The studies summarized above have used conventional instrumental measures of viscosity, friction and other physical attributes of products in order to seek perceptual-physical links. An alternative approach would be to gather instrumental measures during the actual touch made by an individual against a body site while applying or assessing a product. This approach has the great advantage that it could record the mechanical events at the fingertip (or other body surface) that stimulate the mechanoreceptors during touch. Mechanical events include instantaneous frictional forces, but also vibrations normal and tangential to the point of contact. Mechanoceptor activity is of greater potential interest than conventional instrumental measures in forging perceptual links because it is the mechanoreceptor outputs that predominately determine tactile percepts. However there is currently no technique that allows concurrent recording of friction during skin-skin contact, i.e., intraor interpersonal touch [10], although vibration stimuli have been measured indirectly (a short distance away from the contact) using microphones, hydrophones and accelerometers [57].

Although it is not currently feasible to concurrently record frictional forces during naturalistic touch between two body sites, devices exist that allow concurrent recordings for explorations made by the finger against a (treated) surface. Several such devices have been reported [58-61]. Each essentially consists of a rigid plate attached to sensitive force transducers, allowing real-time recordings of touch-relevant mechanical events that occur at the point of contact between the plate and exploring fingertip. The substrate over which products are explored can be a suitable skin analog.

For the most part, the perception of lubricated surfaces has not been the focus of work involving these “force plate” devices. However, using such a device we recently investigated the role of friction in the perception of a diverse range of 15 fluids which included some skin care treatments [61]. Each of these fluids was explored using a wide range of touch speeds and loads. Each fluid was separately rated using a slightly modified version of the TPT. Fourteen mechanical events were considered, consisting of vibrations normal and tangential to the fingertip, and friction-related parameters. The friction parameters described the relationship between friction and touch speed and load, as well as the friction forces at selected touch speeds and loads. Factor analysis was used to separately summarize the mechanical events, and the sensory and emotional attribute ratings. A friction factor was the second most important extracted that differentiated the fluids, encompassing 28% of the variance in mechanical events. Greater perceived fluid viscosity was correlated with greater scores for a composite friction factor, and smaller scores for two composite vibration factors. The inverse relationships were seen for perceived fluid wateriness. Unlike the work of Nacht et al., there was no indication that friction and perceived greasiness were strongly related, although similar products were perceived as greasy in the two studies (e.g., different petrolatum-based products). It is possible that this lack of relationship was mediated by the use of factors to summarize attributes in the Guest et al. study; greasy was not analyzed separately from a factor that included several other attributes.

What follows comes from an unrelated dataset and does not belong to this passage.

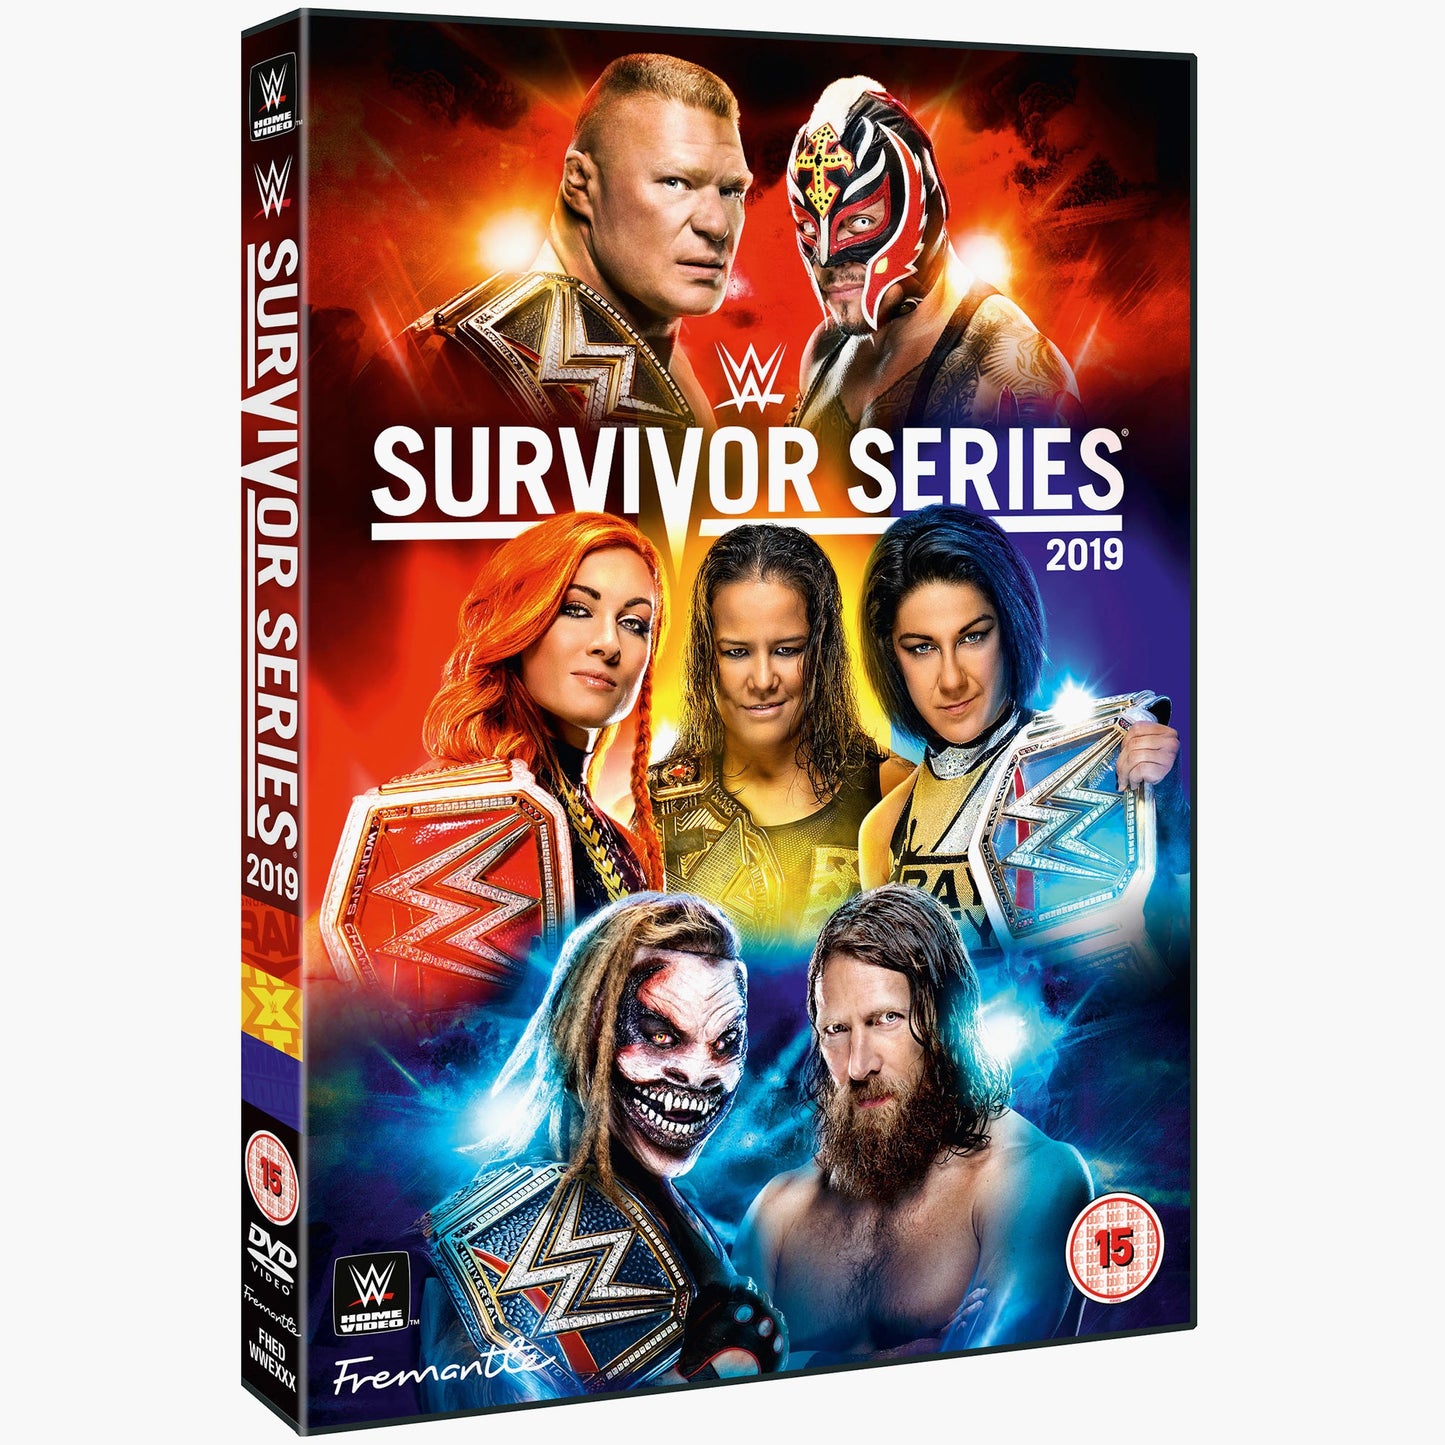 WWE Survivor Series 2019 DVD

In a separate study [44] but using the same force plate, the friction and vibration properties of 12 basic skin creams were measured at different times over 10 minutes as the creams dried on a skin proxy. It was found that firmness and thickness (which pertain to the early stages of cream application to the skin) could be predicted from the friction coefficient measured early on in the 10 minutes and (paradoxically) from a load dependence of the friction coefficient late in the 10 minutes. It was also found that drying and final greasiness (sensory percepts related to the feel of the skin after the cream has been rubbed in) could be predicted from the load dependence of the friction coefficient in later episode. These latter percepts were not well predicted by rheology, understandably so because the physical properties of a dried cream are not likely to be well characterized by the bulk rheology of the fresh cream.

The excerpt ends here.